*What to work on:* Would you retype the listing below word for word, without any of its pictures?
··· Given information ···
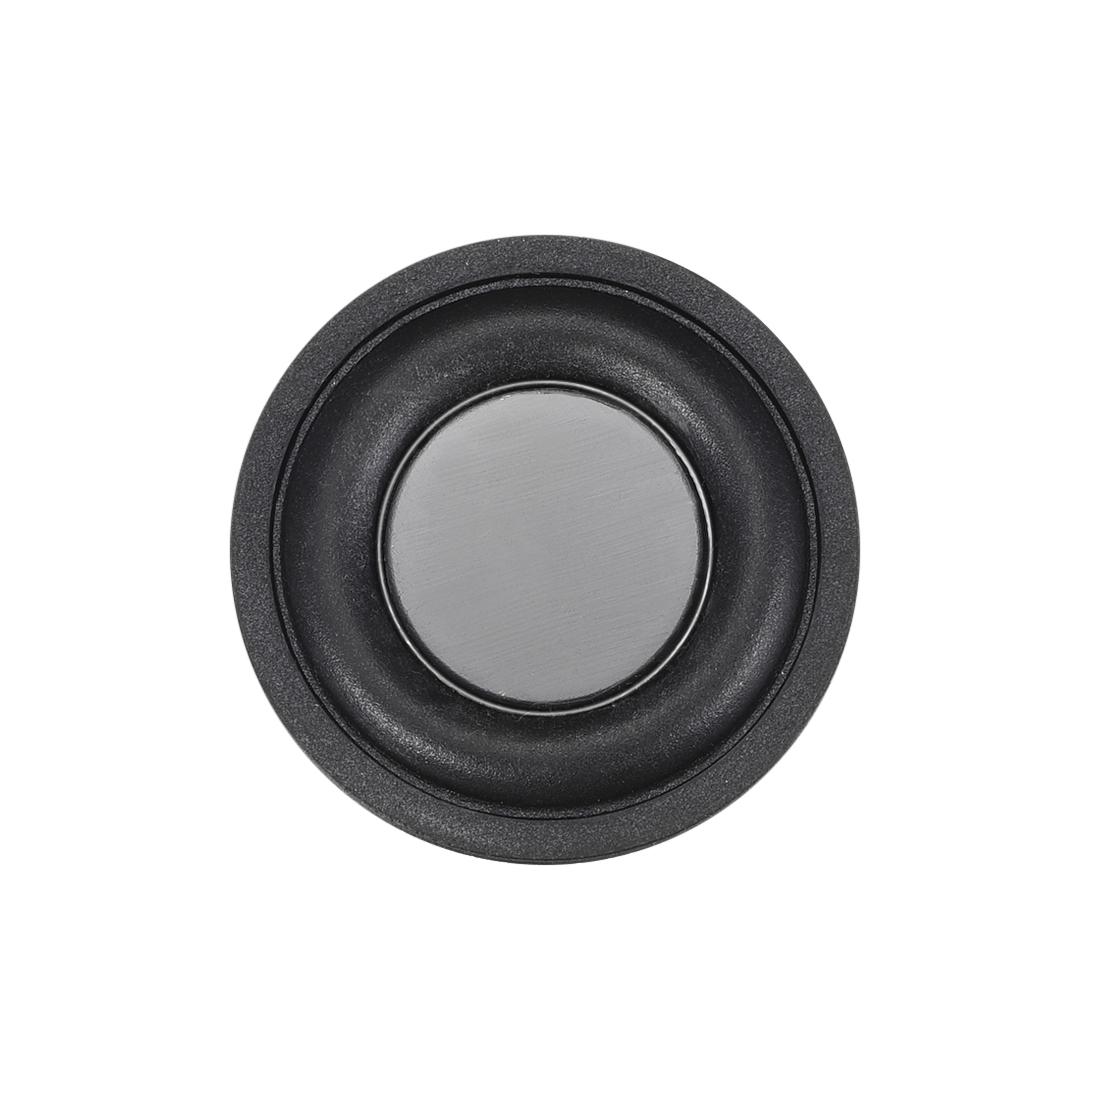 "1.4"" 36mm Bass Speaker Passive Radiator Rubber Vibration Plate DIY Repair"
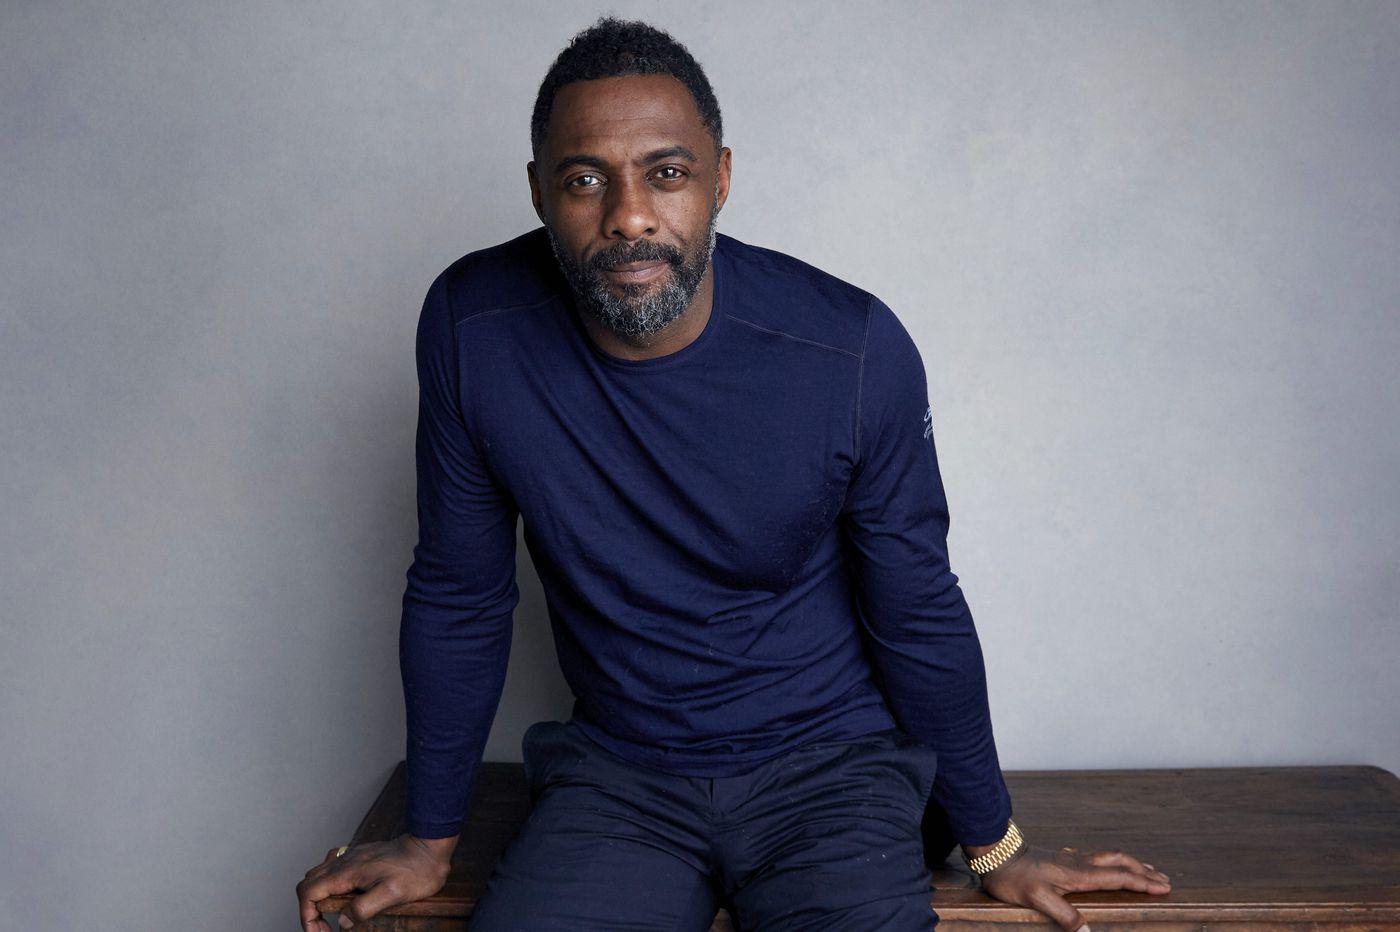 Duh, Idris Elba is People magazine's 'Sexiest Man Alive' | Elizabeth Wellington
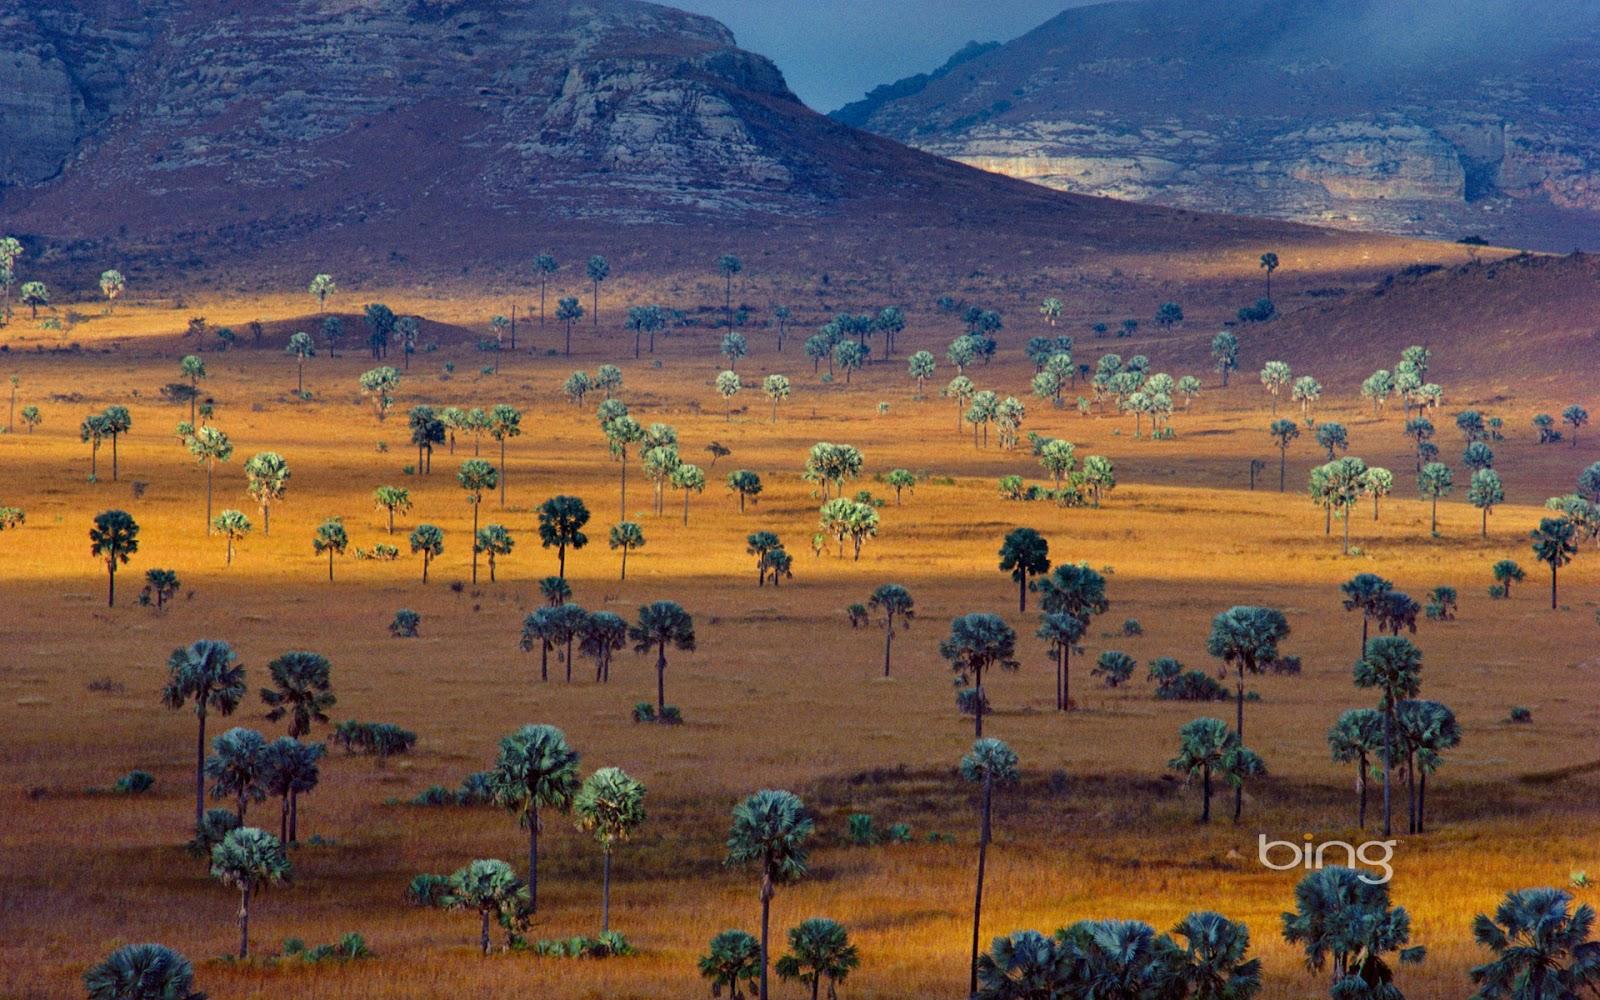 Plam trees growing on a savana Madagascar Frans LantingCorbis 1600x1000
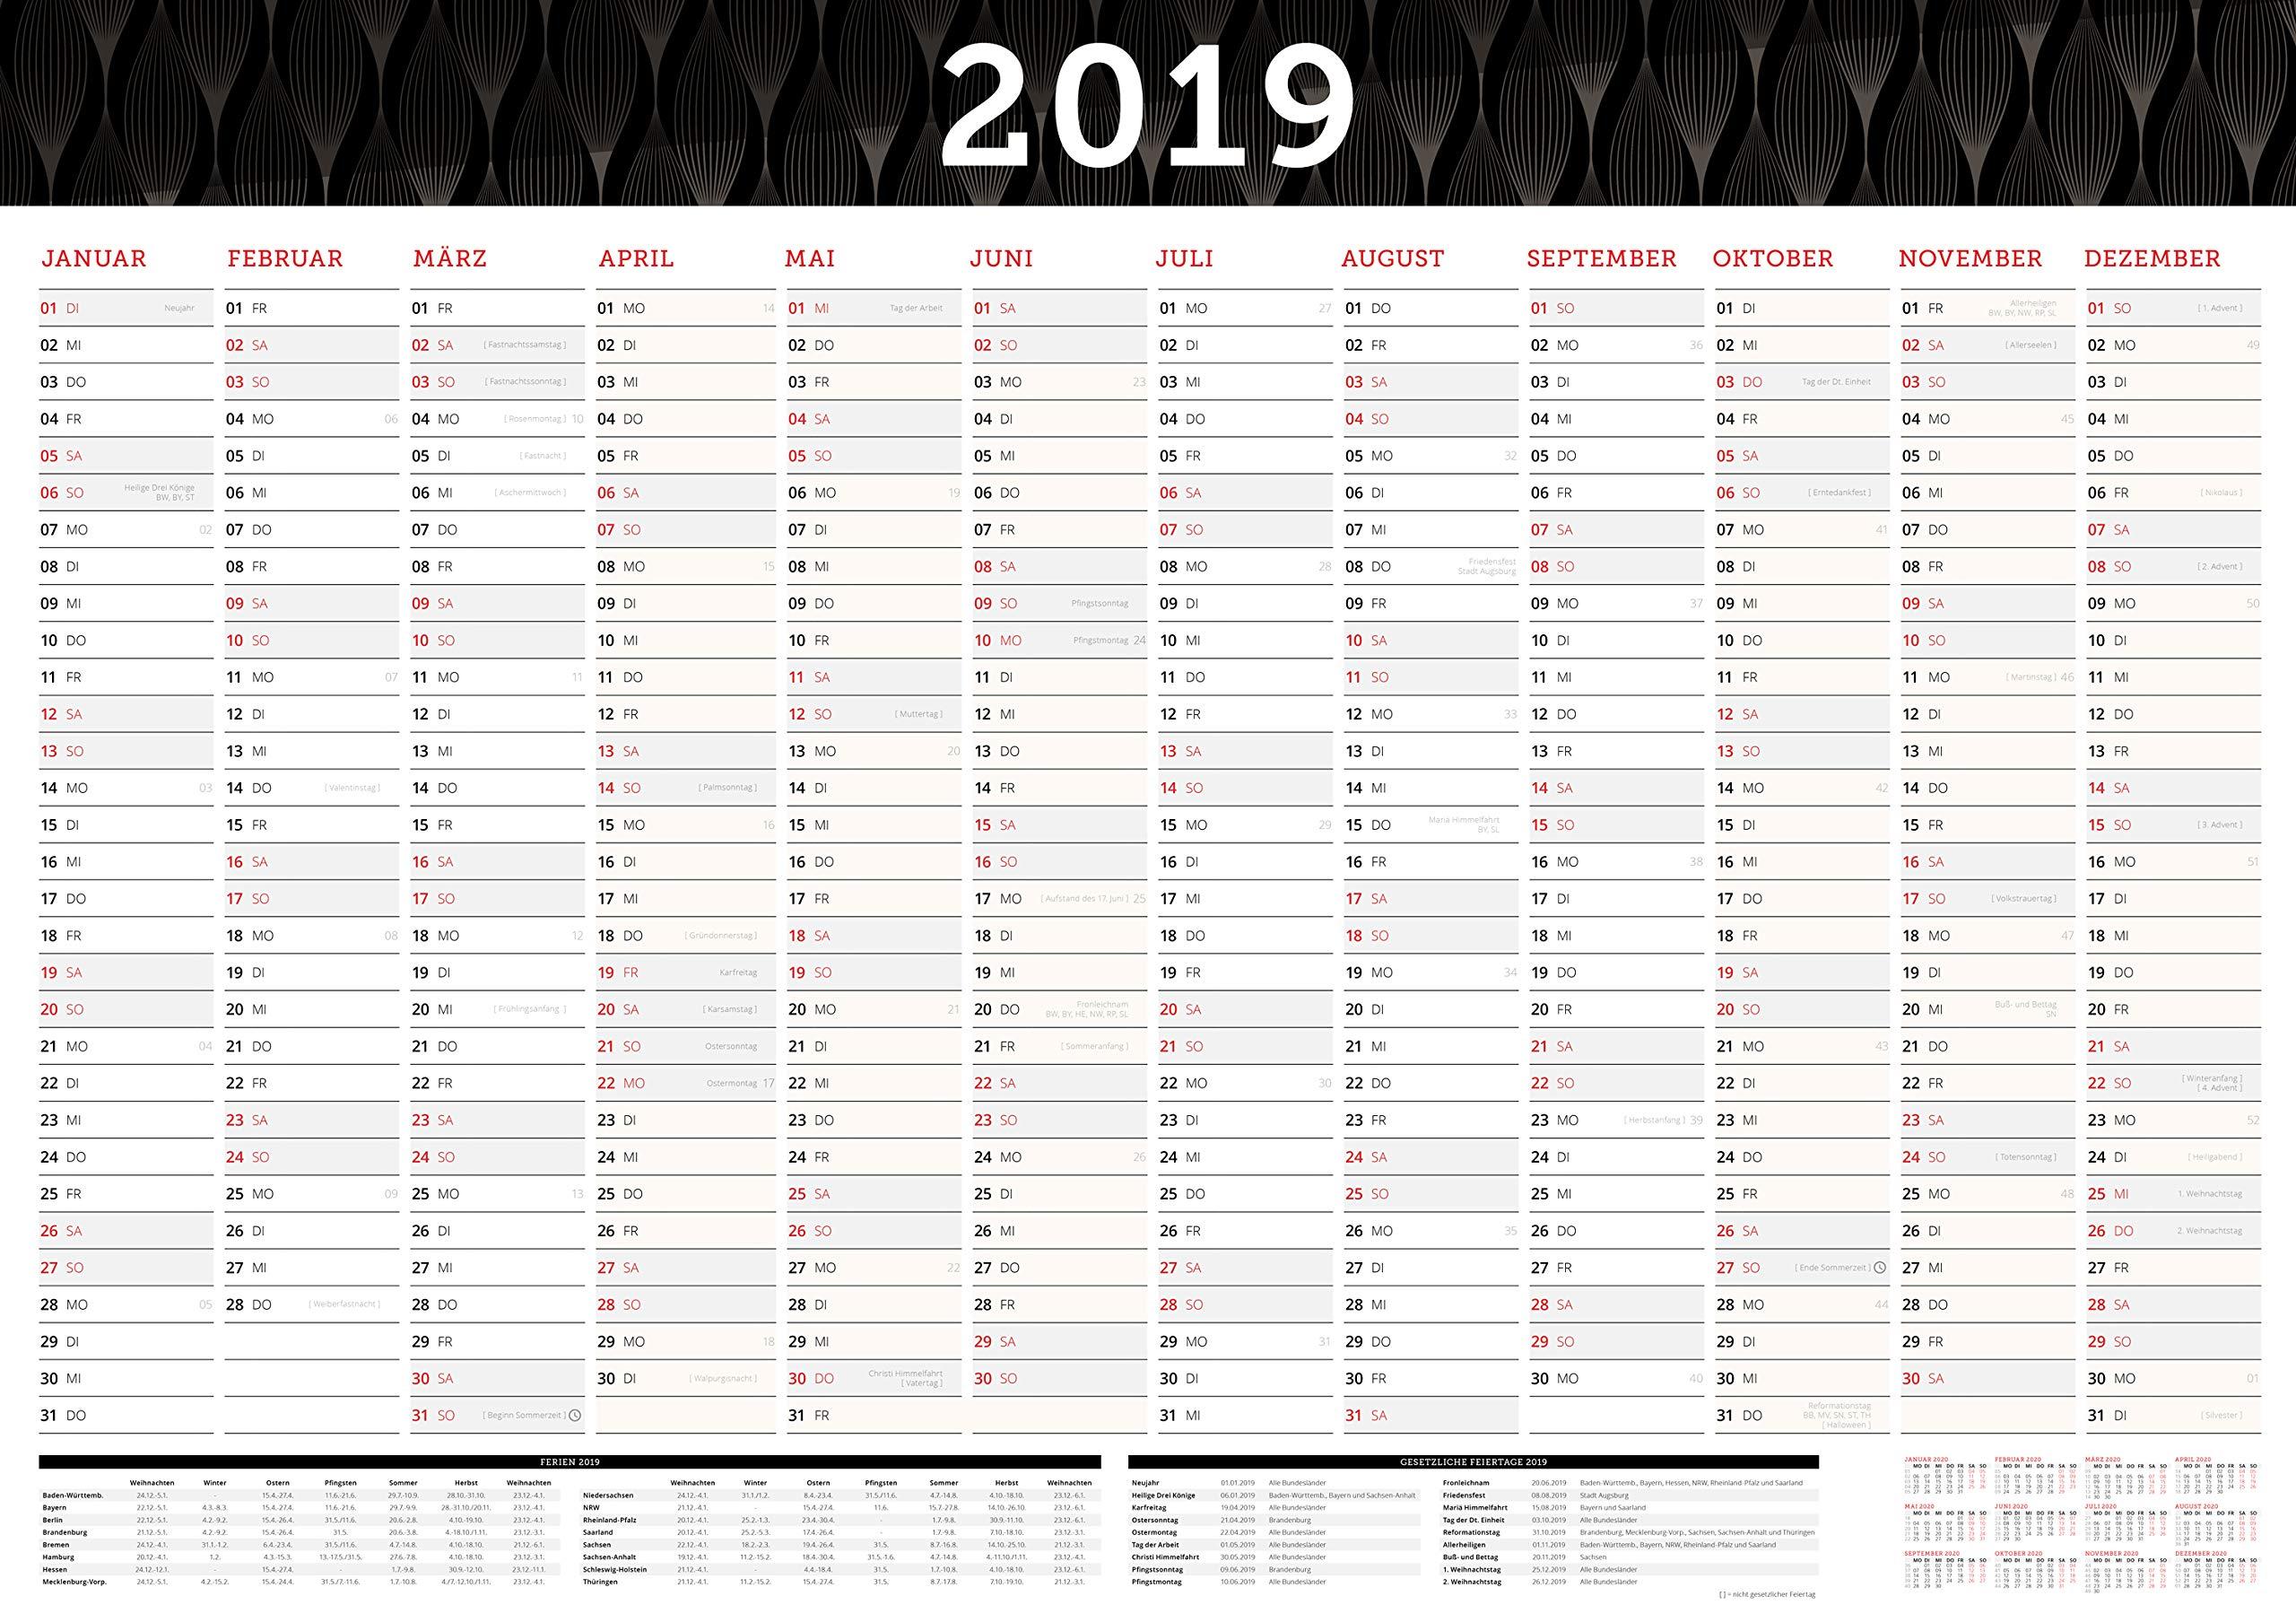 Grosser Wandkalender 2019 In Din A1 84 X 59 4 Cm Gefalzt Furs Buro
···
*Output:*
 "1.4"" 36mm Bass Speaker Passive Radiator Rubber Vibration Plate DIY Repair"
 Duh, Idris Elba is People magazine's 'Sexiest Man Alive' | Elizabeth Wellington
 Plam trees growing on a savana Madagascar Frans LantingCorbis 1600x1000
 Grosser Wandkalender 2019 In Din A1 84 X 59 4 Cm Gefalzt Furs Buro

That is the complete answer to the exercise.